Monfort-Gouraud M, Lanza M, Meyer A, Roussel M, Badoual J
Service de Pédiatrie de l'Hôpital de Dourdan, Paris.
Arch Fr Pediatr. 1993 Apr;50(4):335-7.
Familial hypocalciuric hypercalcemia is a rare disease with autosomal dominant transmission. Its basic defect is unknown and it requires no treatment.

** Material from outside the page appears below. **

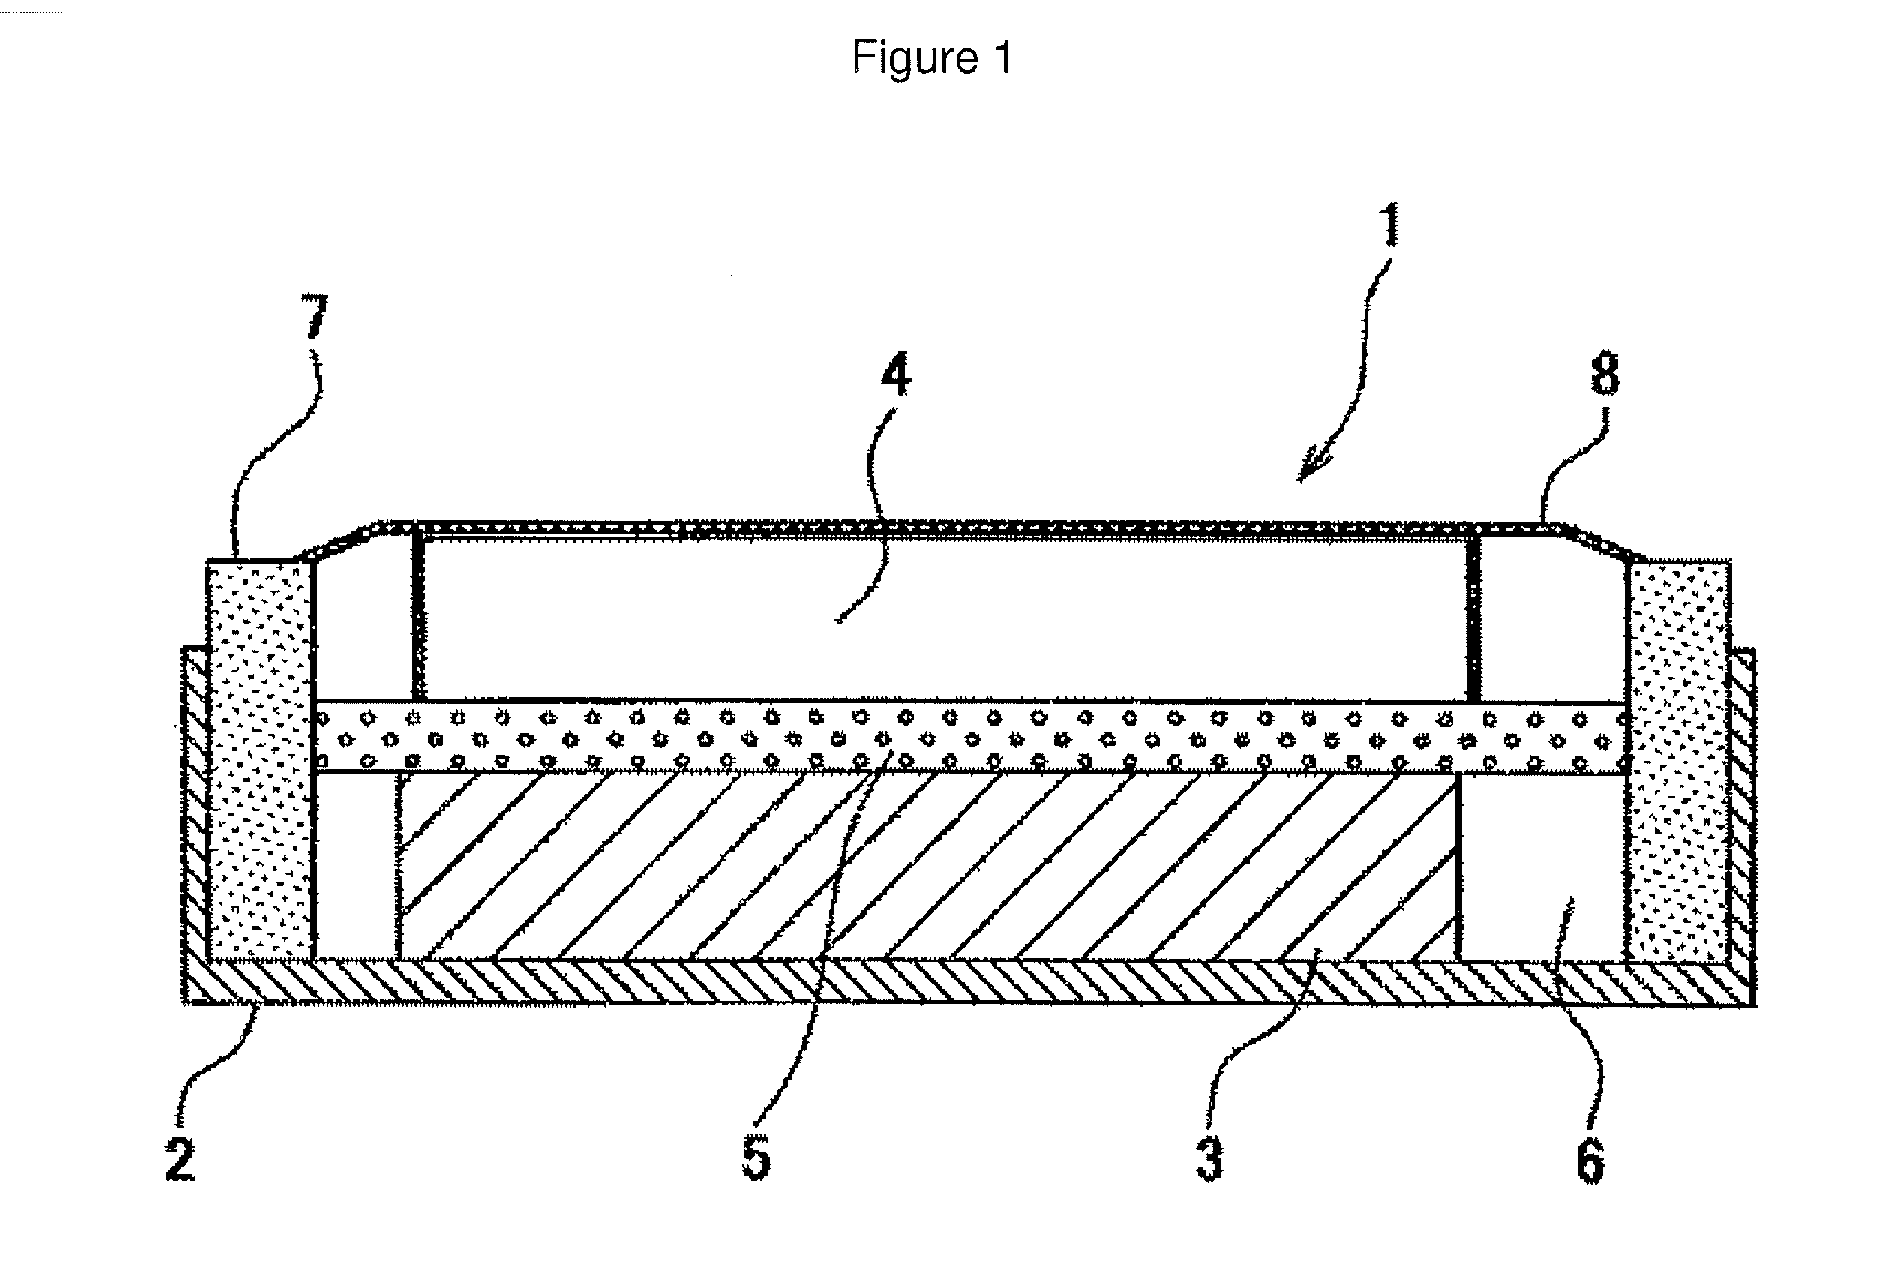 Battery separator comprising a polyolefin nanofilament porous sheet

A 4 month-old girl was admitted for unexplained crying. She was found to have hypercalcemia (2.8 mmol/l) and later values of blood calcium were 3, 3.1 and 3 mmol/l. The serum free ionic calcium level was also elevated. The serum concentrations of protein, phosphorus, magnesium and the alkaline phosphatase activity were all normal. Serum concentrations of 25-(OH)-D3, 1.25-(OH)-2-D3 and PTH were also normal. The urinary calcium/creatinine ratio was normal and the urinary calcium excretion was 1.08 mg/kg/d. Screening of family members showed hypercalcemia in the father (2.8 mmol/l) and a brother aged 7 years (2.9 mmol/l). Short-term treatment with disodium etidronate lowered the serum calcium level to normal, but hypercalcemia reappeared once the treatment was discontinued.

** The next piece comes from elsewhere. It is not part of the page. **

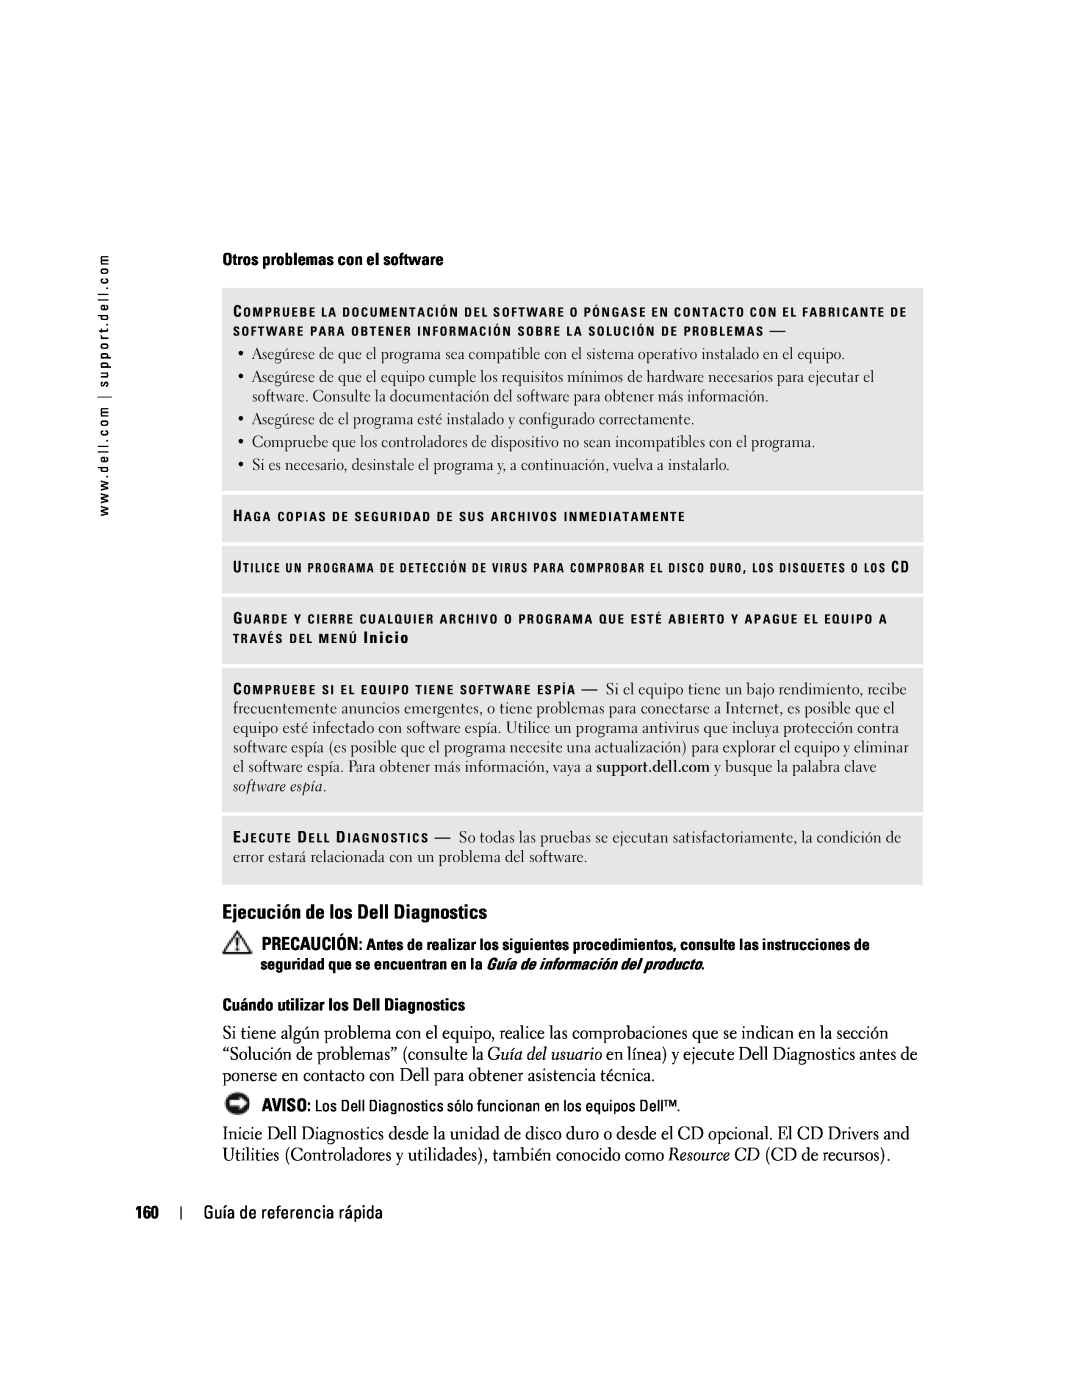 Dell PP06S manual Ejecución de los Dell Diagnostics

This asymptomatic familial hypercalcemia has the characteristics of familial hypocalciuric hypercalcemia. There was no associated endocrine disorder. Screening of family members is worthwhile.
家族性低钙血症性高钙血症是一种罕见的常染色体显性遗传病。其基本缺陷尚不清楚,无需治疗。
一名4个月大的女孩因不明原因哭闹入院。发现她患有高钙血症(2.8毫摩尔/升),随后血钙值分别为3、3.1和3毫摩尔/升。血清游离离子钙水平也升高。血清蛋白、磷、镁浓度及碱性磷酸酶活性均正常。血清25-(OH)-D3、1,25-(OH)2-D3及甲状旁腺激素水平也正常。尿钙/肌酐比值正常,尿钙排泄量为1.08毫克/千克/天。对家庭成员进行筛查发现,父亲(2.8毫摩尔/升)和一名7岁的兄弟(2.9毫摩尔/升)患有高钙血症。依替膦酸二钠短期治疗可使血钙水平降至正常,但治疗停止后高钙血症再次出现。
这种无症状的家族性高钙血症具有家族性低钙血症性高钙血症的特征。无相关内分泌紊乱。对家庭成员进行筛查是值得的。